Functional Role and Mutational Analysis of the Phytoene Synthase from the Halophilic Euryarchaeon Haloferax volcanii in Bacterioruberin Biosynthesis

Abstract

Phytoene synthase (PSY) is one of key enzymes in carotenogenesis that catalyze two molecules of geranylgeranyl diphosphate to produce phytoene. PSY is widespread in bacteria, archaea, and eukaryotes. Currently, functional role and catalytic mechanism of archaeal PSY homologues have not been fully clarified due to the limited reports. Herein, we identified a rate-limiting role of the PSY from the halophilic euryarchaeon Haloferax volcanii (HVO-PSY) in bacterioruberin biosynthesis and dissected the roles of its seven conserved residues. Compared with the parental H. volcanii strain, the recombinant HVO-PSY strain had the increased bacterioruberin yields, confirming that HVO-PSY is a rate-limiting enzyme in bacterioruberin biosynthesis in H. volcanii.
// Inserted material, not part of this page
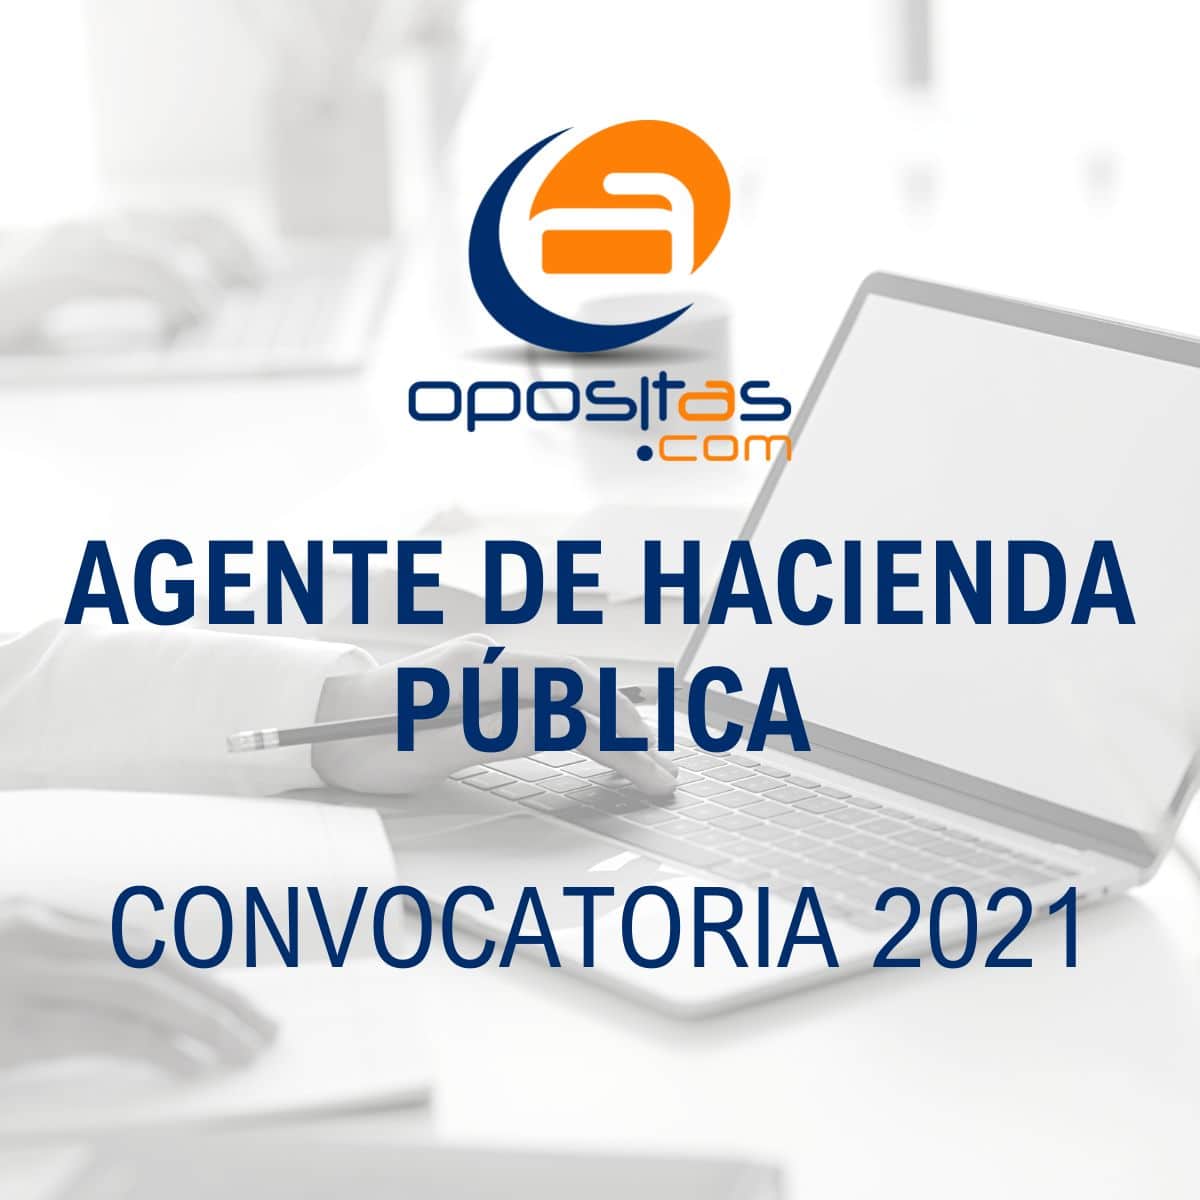 Convocatoria Agentes de Hacienda Pública OPE 2021

Additionally, we optimized the culture condition for bacterioruberin biosynthesis in the recombinant strain: 150 g/L NaCl, 45 °C, and pH 6.5–7.5. Mutational data demonstrate that residues D47, D51, D110, D168, D172, and R178 of HVO-PSY are essential for catalysis since these recombinant mutant strains harboring these mutations in the enzyme had the reduced bacterioruberin yields relative to the recombinant wild-type strain. Overall, our findings have verified the rate-limiting role of HVO-PSY in bacterioruberin biosynthesis in H. volcanii and clarified the essential roles of its conserved residues D47, D51, D110, D168, D172, and R178 in catalysis.